The fit of the wings to the fuselage is okay at best. I had to use a bit of filler there. As with their MiG-17, the fuselage section break at the engine has the rear section larger than the front section resulting in a small step down (versus the huge step down difference in the MiG-17 kit).
The kit canopy had a large seam down the middle of it. The Pavla vac canopy was not very good so I sanded the seam from the kit canopy with ever finer grades of sandpaper and then polished it. It turned out fine.
My greatest frustration was the Alclad paint. I had some bad bottles years ago when the problem was widespread and I threw them out. Somehow (swap meet purchase, hobby shop going-out–of-business sale, etc.) I unsuspectingly got another bad bottle. The paint has yet to dry. If I pick it up with my fingers, my fingers stick to the model. A H-U-G-E!!! problem that frustrates the devil out of me. I was too far into the project to start over by stripping the kit. I used four shades of Alclad but only the 101 was bad – but that was enough to ruin what should have been an otherwise fun project. A simple test for bad Alclad: Put a small drop between your thumb and forefinger. If after about a minute the fingers stick together, the paint is bad.

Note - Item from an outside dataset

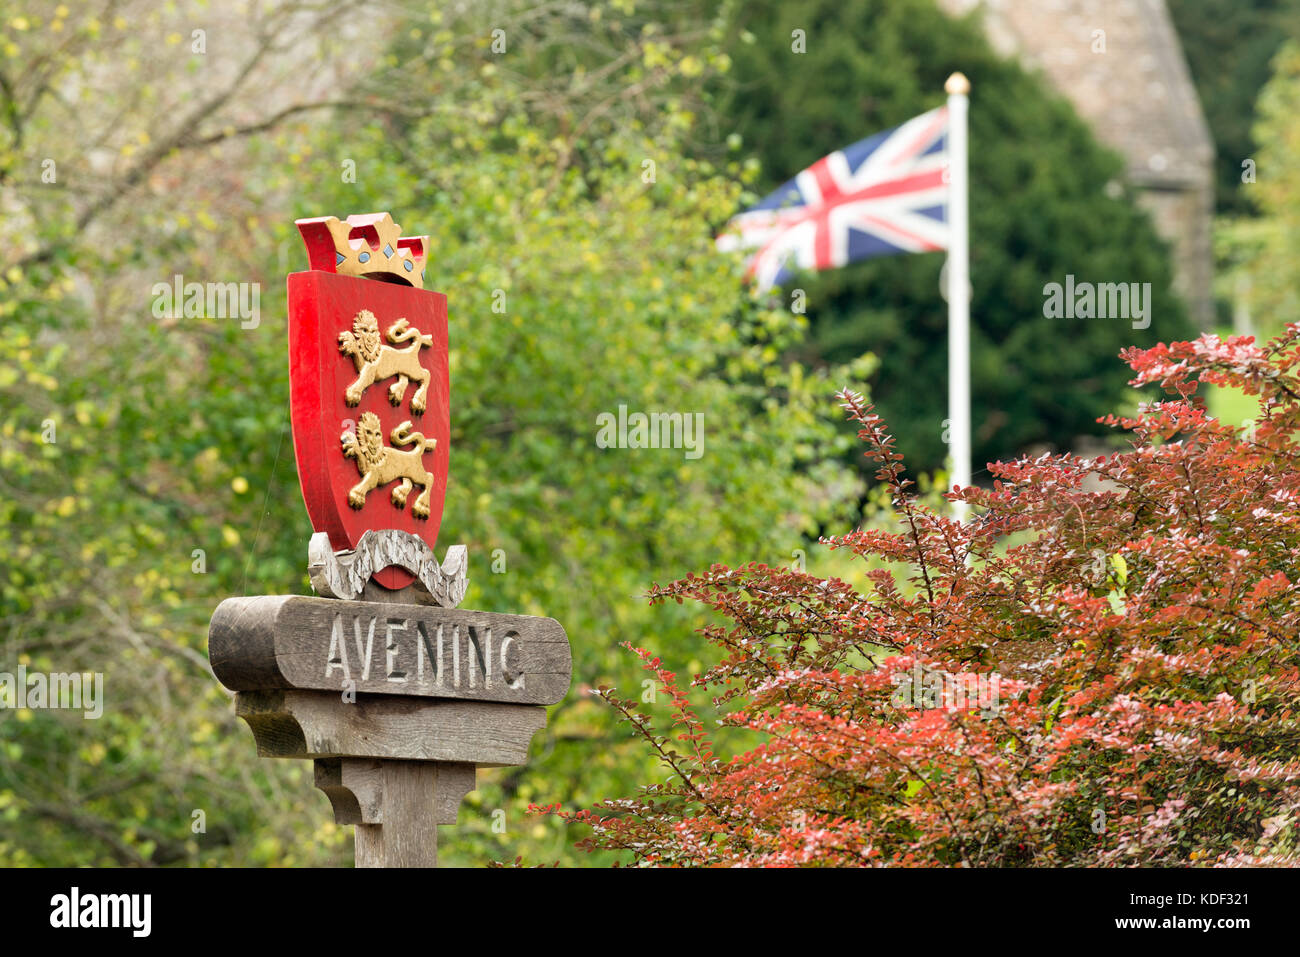 Il segno nel centro dello storico villaggio Costwold di avening, glocestershire, UK. Tra alberi autunnali con una bandiera europea svolazzanti dietro. Foto Stock

In typical fashion I went overboard and bought all the detail sets. The difficulty of using a PE cockpit and a resin cockpit simultaneously on the same kit did not occur to me until I had both in my hands. As my friends used to say, “Art, you may be slow but you make up for it by not being very smart.” The Pavla resin cockpit tub is a work of beauty but fitting it into the kit is a major problem. I made it work but if I had it to do over again I would have used only the Eduard PE set in the original kit tub, if for no other reason than Eduard provides the small side glass shields for the cockpit combing whereas with the Pavla set one has to scratch build them. I know – I could have used the Eduard clear parts with the Pavla set but why violate a PE set just to get two small clear plastic parts? (See quote from friends above.) The Pavla resin ejection seat is okay. The Eduard PE seat is very good. I used the resin. (See quote above.) The Pavla resin canopy details parts are excellent and make a very bland kit part into another separate, enjoyable project.
The kit depiction of the canopy lift mechanism is sheer fantasy so I scratch-built a new mechanism.
The Eduard exterior set is a thing of beauty. The PE detail parts make each missile a separate project, for better or for worse, but I enjoyed building them. The other PE parts are equally good. The Eduard engine set with afterburner is a work of genius. I was skeptical of the set after having been very disappointed in their MiG-17 afterburner – a useless waste of fine metal. But the MiG-21F-13 set is a wonder to behold. It is fun to assemble and looks great.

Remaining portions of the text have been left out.